Start of Collected data
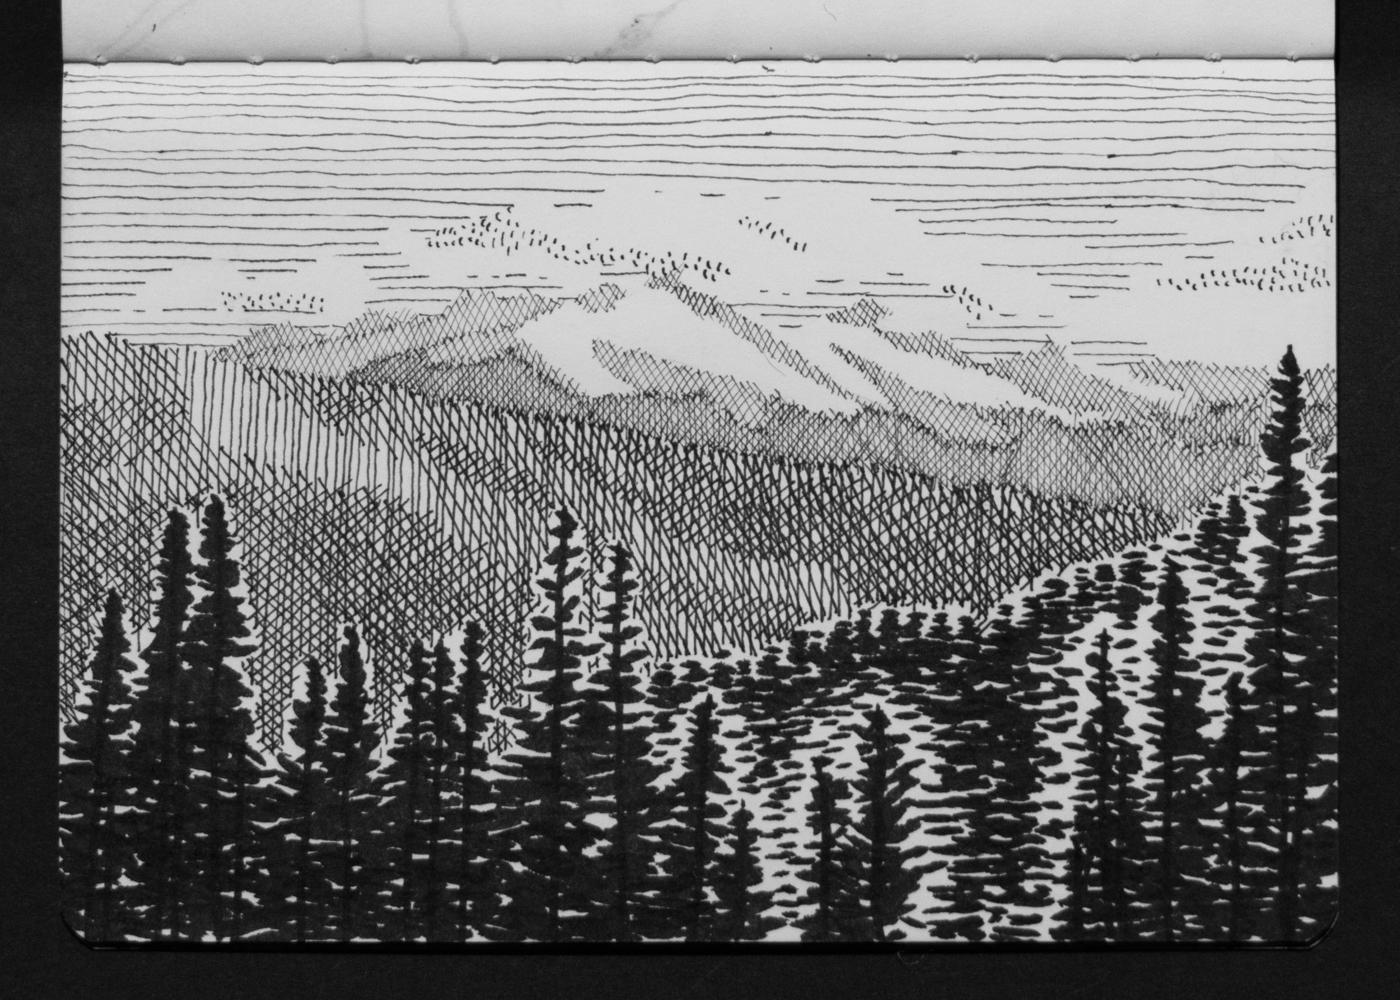 03-15 Homestake Peak from Vail Pass.jpg
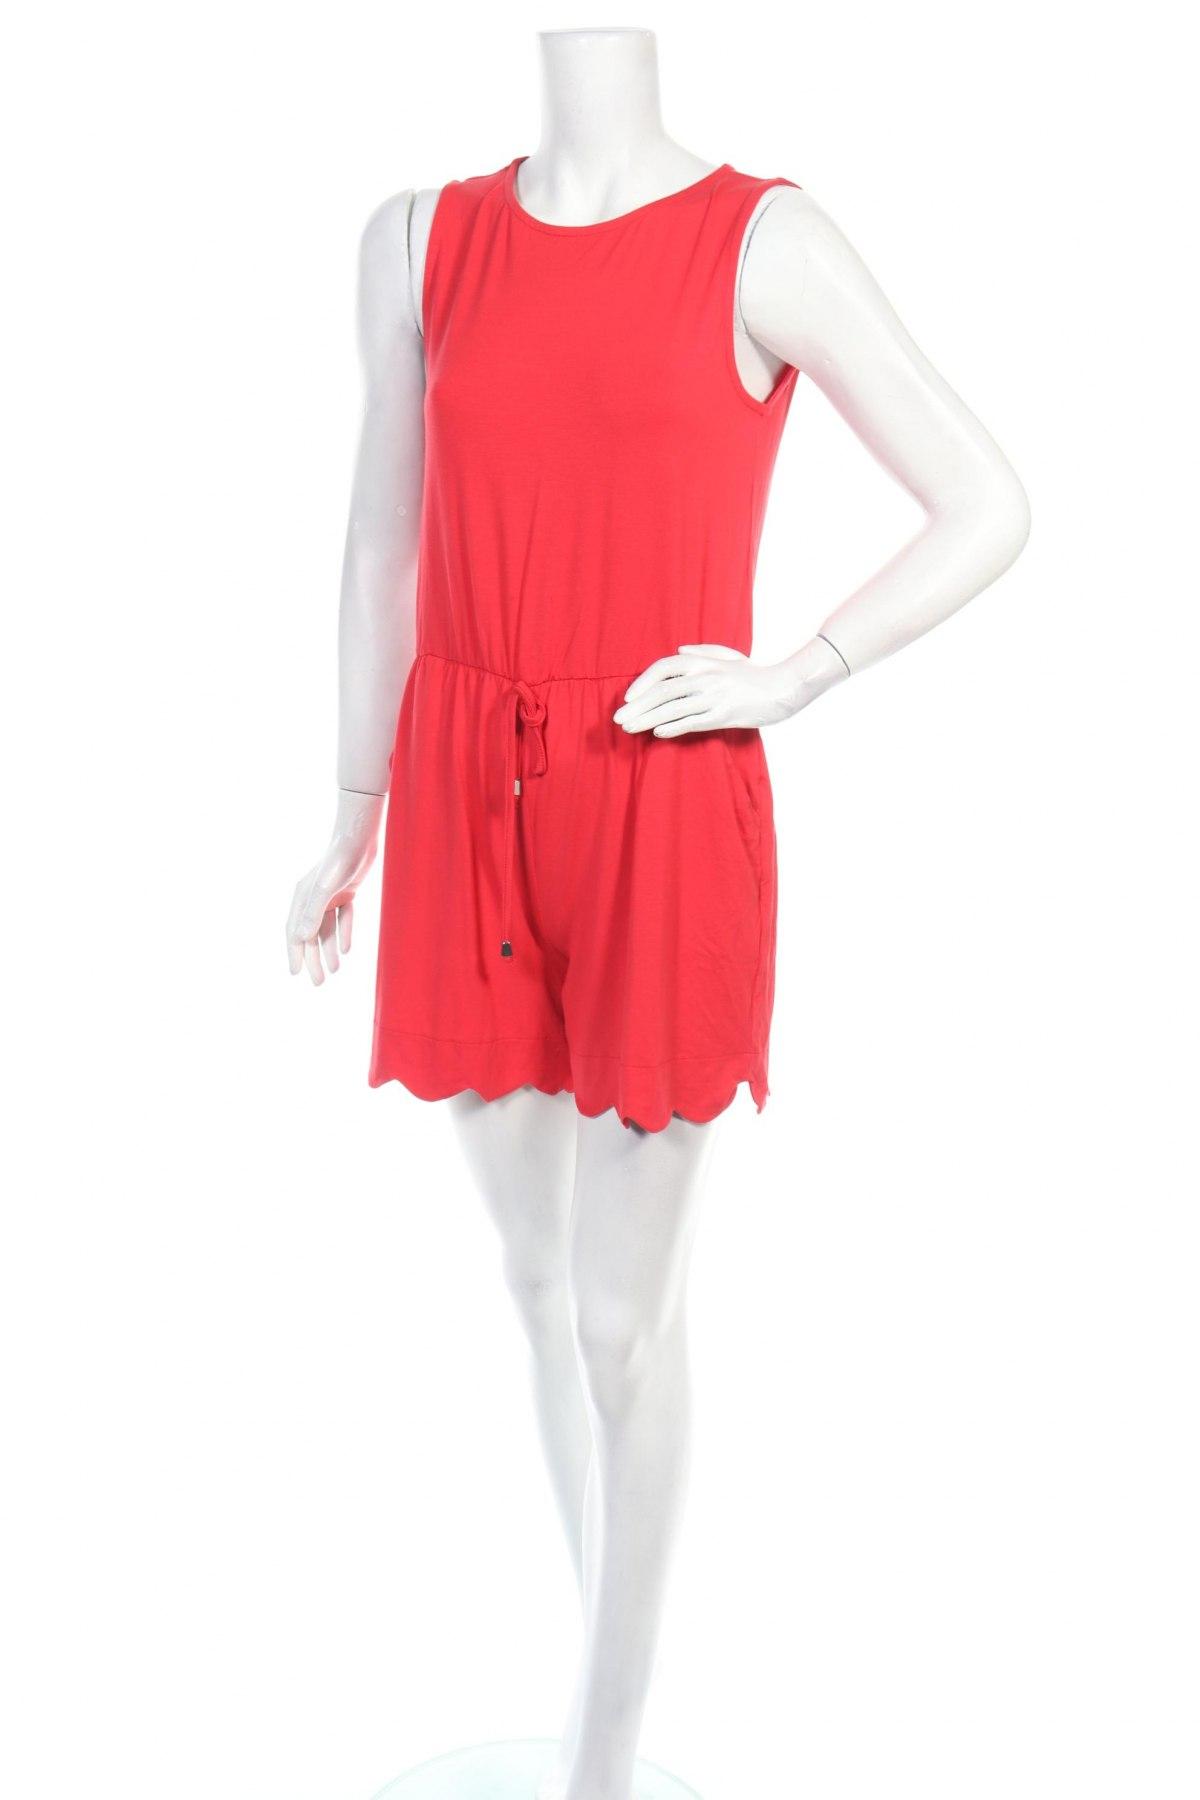 Γυναικεία σαλοπέτα About You, Μέγεθος M, Χρώμα Κόκκινο, 95% βισκόζη, 5% ελαστάνη, Τιμή 11,34€
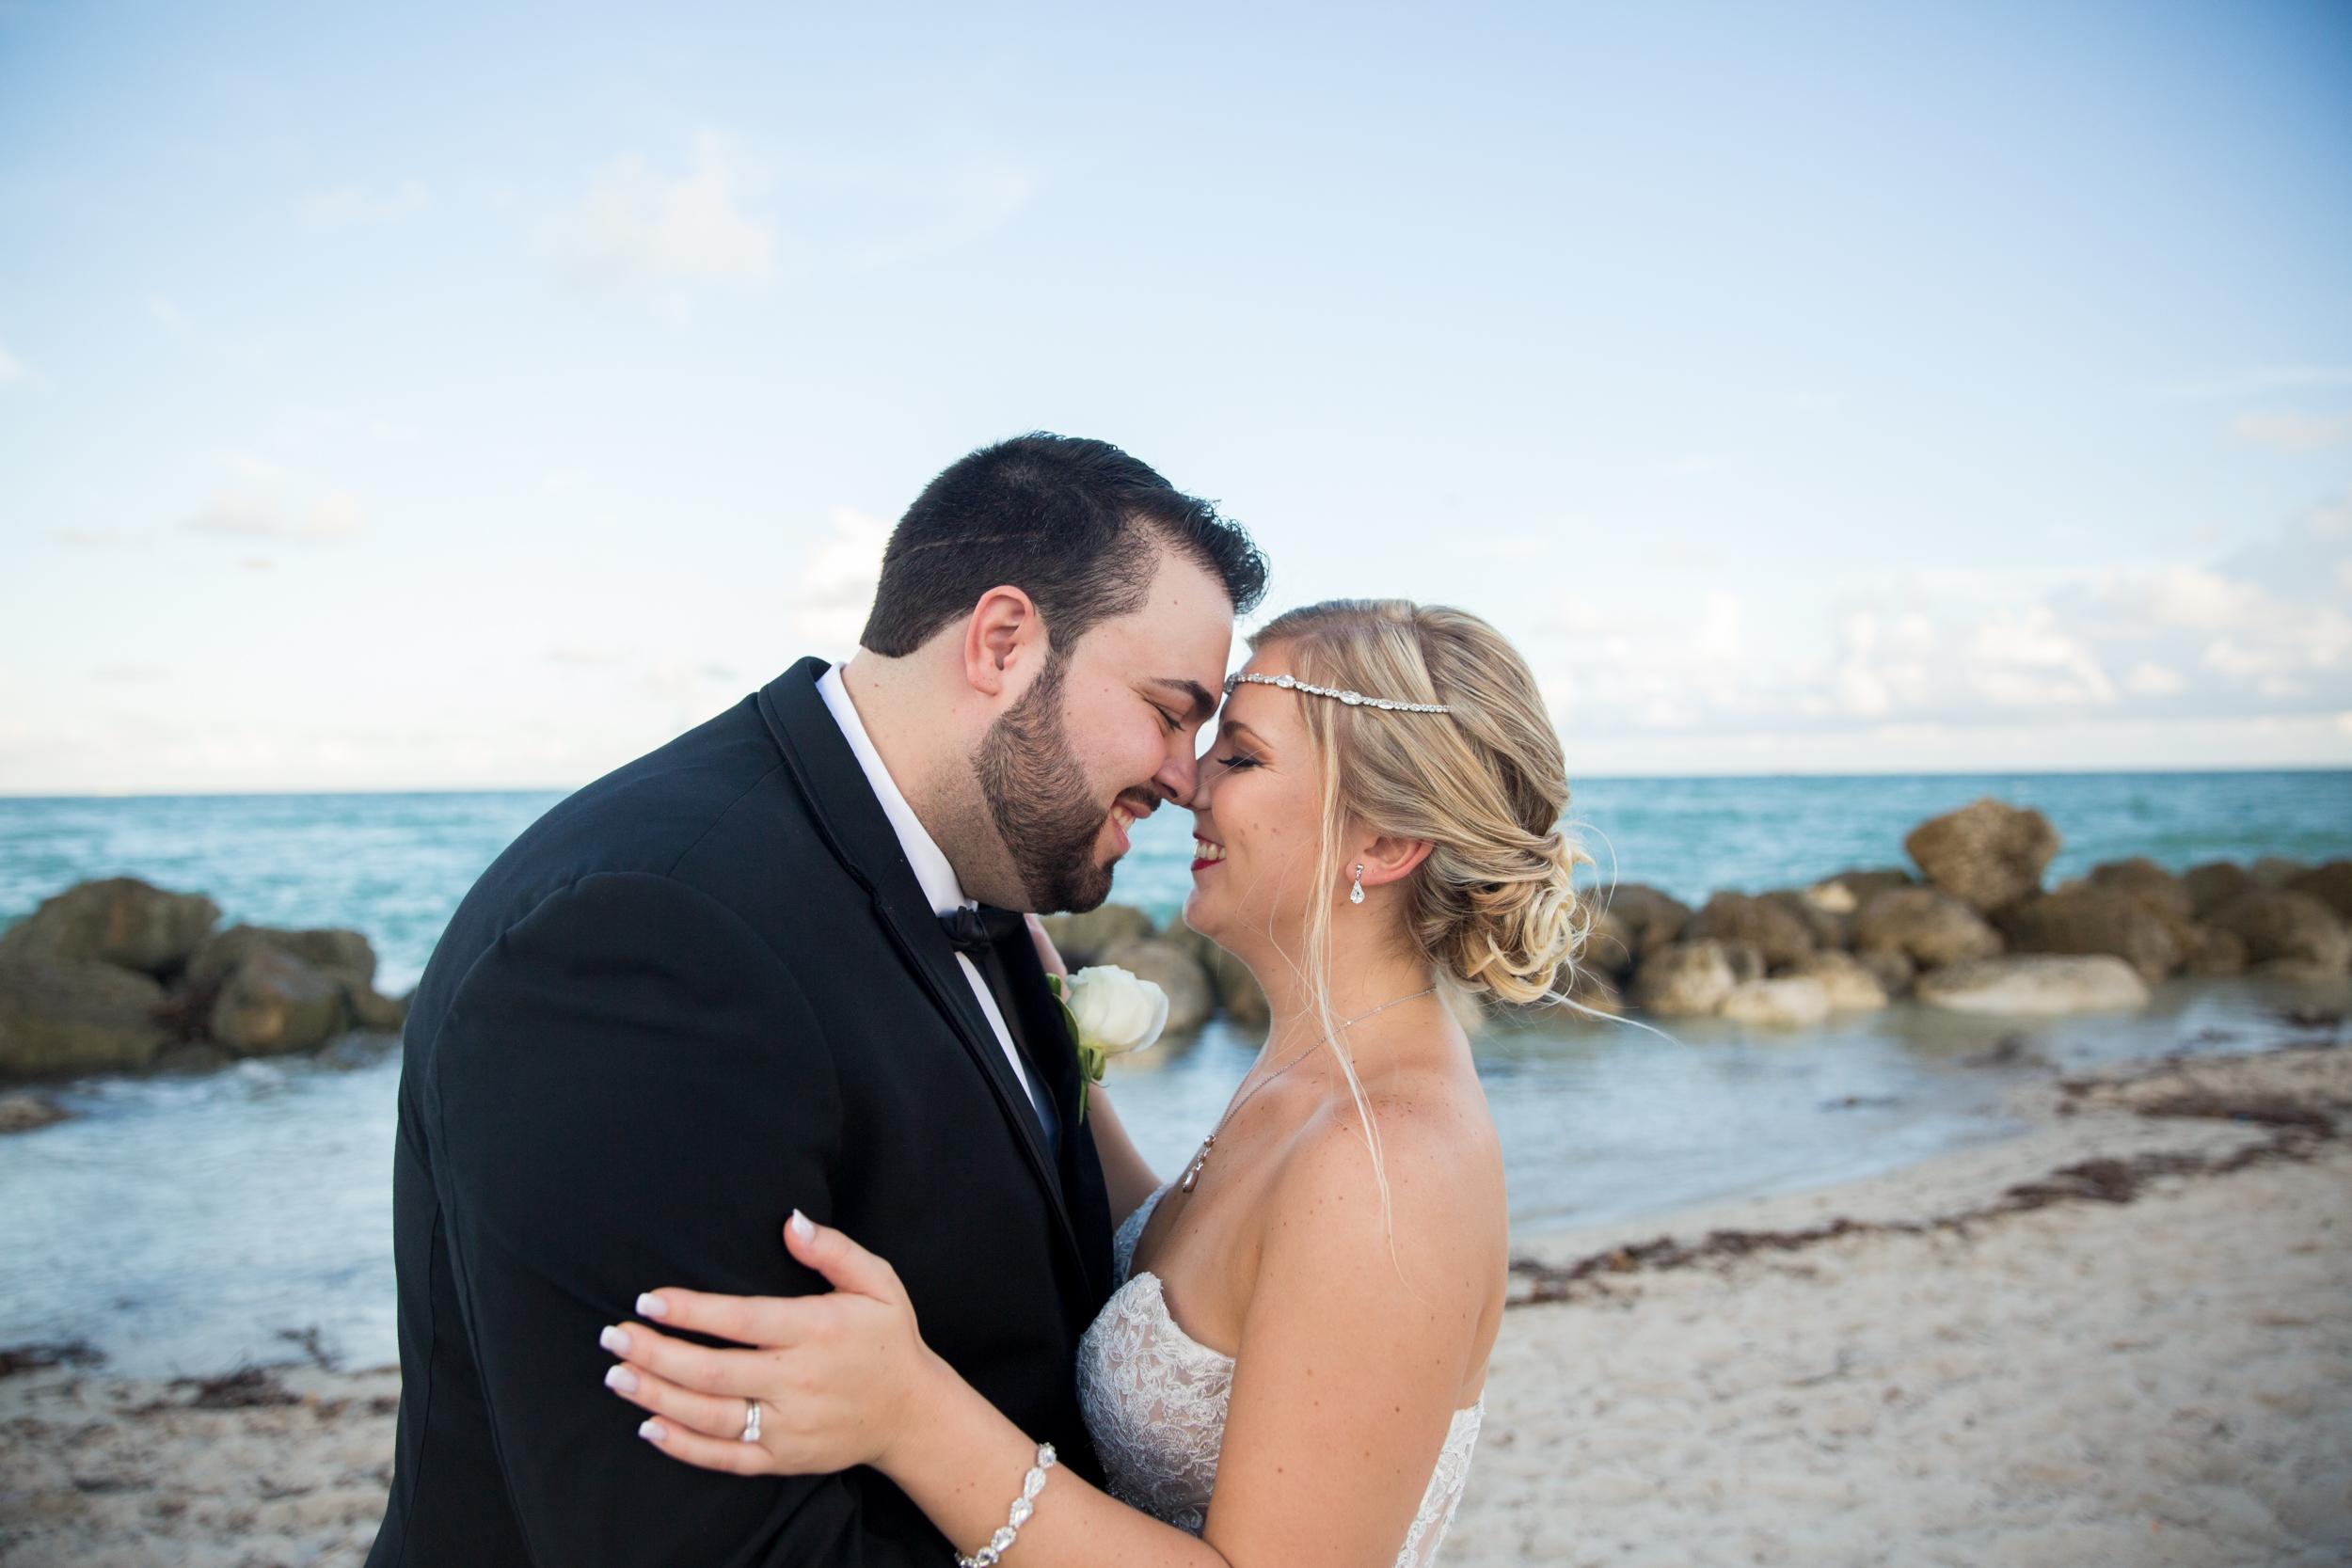 10-14-17_AshleyRichard_Wedding-105.jpg
End of Collected data
Each line above should be returned exactly as it stands, minus any pictures.

Solution for this exercise
 03-15 Homestake Peak from Vail Pass.jpg
 Γυναικεία σαλοπέτα About You, Μέγεθος M, Χρώμα Κόκκινο, 95% βισκόζη, 5% ελαστάνη, Τιμή 11,34€
 10-14-17_AshleyRichard_Wedding-105.jpg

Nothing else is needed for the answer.